Они проезжают мимо прекрасной церкви Сан-Джованни, статуи на крыше и над портиком которой имеют по крайней мере одно сходство со своими святыми прообразами — они возвышаются там, в чистом лазурном небе, к которому, а не к земле, они, кажется, принадлежат. У Порта-Себастьяно их задерживает вереница винных повозок, каждая запряжена одной лошадью с султаном из черных перьев на голове, и каждая повозка снабжена зонтиком из козьей шкуры, в тени которого крепко спит возница. Затем следует длинная кавалькада крестьян верхом на мулах или ослах — верхом, по правде говоря, ибо они сидят в высоком деревянном седле, сложив руки под длинными коричневыми плащами, а на головах у них черные остроконечные шляпы. Странные фигуры!

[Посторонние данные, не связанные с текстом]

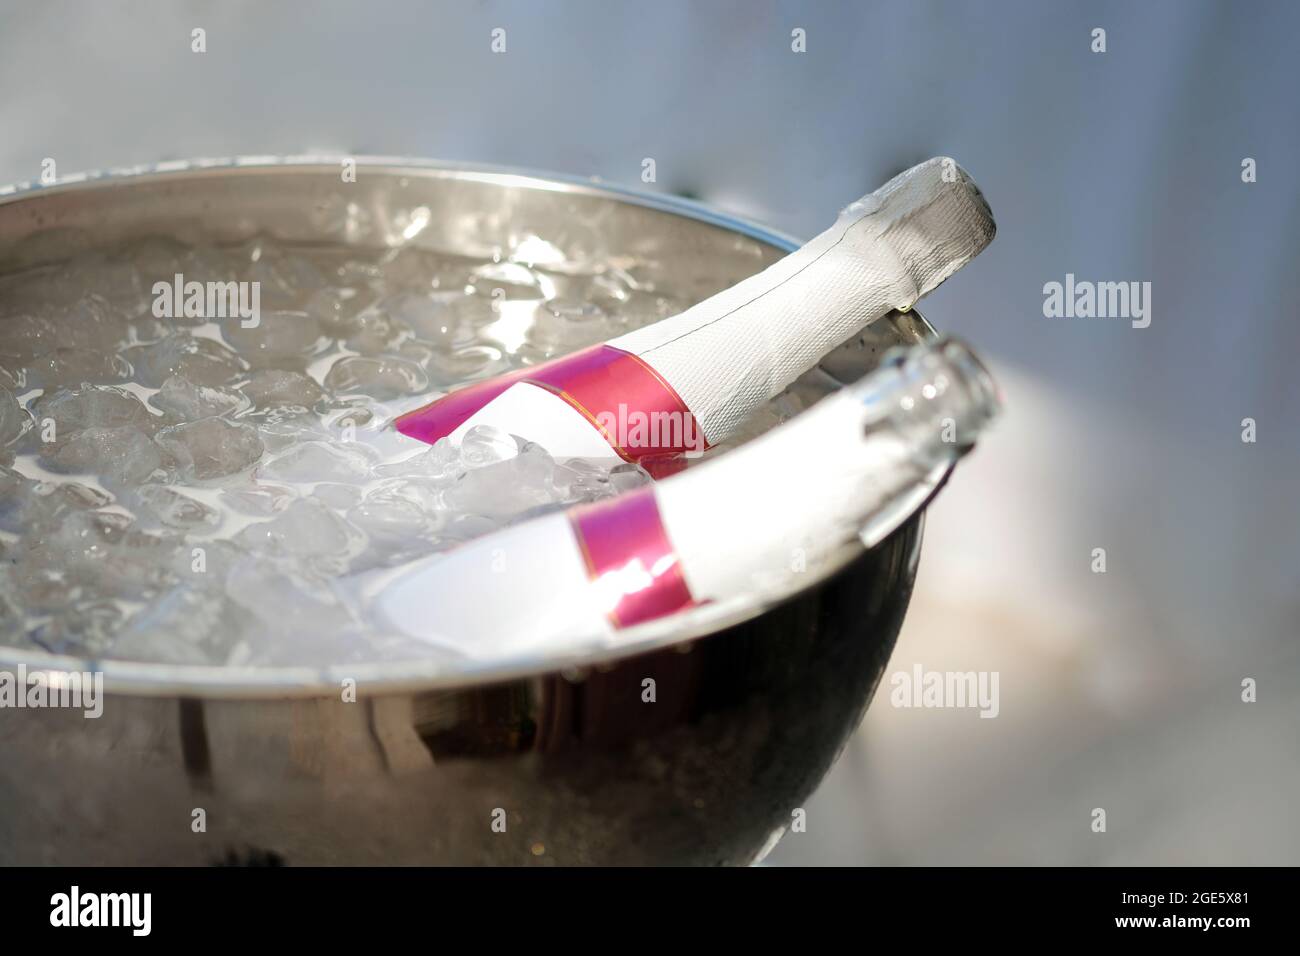 Champagne cold glass bottle drinks, filled ice cubes in a cool box photo.  Stock Photo

«Цветок в этой шляпе!» — воскликнула Милдред, когда один из них проехал мимо нее с прекрасной гвоздикой, воткнутой в бобровую шляпу, которую, если не считать того, что она сохранила свою пирамидальную форму и находилась на человеческой голове, вообще нельзя было бы признать за шляпу. «И он носит ее серьезно, — продолжала она, — безмятежно, без малейшего чувства неуместности. О, мне это нравится!»
Освободившись от этой вереницы, они проехали через ворота в открытую местность. Слева от них старый акведук тянулся по горизонту длинной линией разрушенных арок; справа равнина была усеяна лишь массивными фрагментами неразличимых руин, похожими на то, что геологи называют валунами. След человеческого труда в них затерялся; работа мастера стала напоминать грубейшую случайность природы.
И так Рим остался позади.
«Это дым или облако, — спросила мисс Блумфилд, — что так постоянно покоится на той горе?»
«Это Везувий! Везувий!» — воскликнули остальные члены группы.
Но в тот момент они оказались в положении, наименее благоприятном для восторженных эмоций. Их экипаж задержали при въезде в Неаполь, посреди широкой дороги, самой жаркой и пыльной, какую только можно вообразить. Там их арестовали, чтобы подвергнуть досмотру и вымогательствам таможенных господ. Бедный мистер Блумфилд был в лихорадке. Его паспорт спрашивали шесть раз между Римом и Неаполем, и каждый раз, казалось, исключительно ради того, чтобы вытянуть чаевые. Даже военный караул, стоявший у городских ворот, просил милостыню. Никто в Италии, казалось, не говорил с ним иначе, как чтобы попросить или, как сказал бы юрист, «подготовить почву» для просьбы о подаянии. А теперь эти молодчики осматривали или делали вид, что осматривают его багаж, и были явно полны решимости продержать их там, на солнце и пыли, пока они не выплатят достаточный выкуп. Именно в этом положении Уинстон и Милдред украдкой бросали свои первые взгляды на огнедышащую гору. Украдкой — потому что чувство вежливости обязывало их разделять тревоги и досаду мистера Блумфилда. Сами же они оба согласились, что гораздо лучше спокойно и сразу подчиниться всем этим поборам, даже если после долгих споров был бы неплохой шанс на успешное сопротивление. Поистине, нет денег, потраченных лучше, чем те, что покупают душевное спокойствие.
Наконец их освободили, и экипаж с грохотом въехал в Неаполь. Мистер Блумфилд написал, чтобы снять апартаменты в квартале Кьяйя, напротив Виллы Реале (или королевских садов). Туда они и направились. Уинстон, разумеется, нашел дорогу в отель.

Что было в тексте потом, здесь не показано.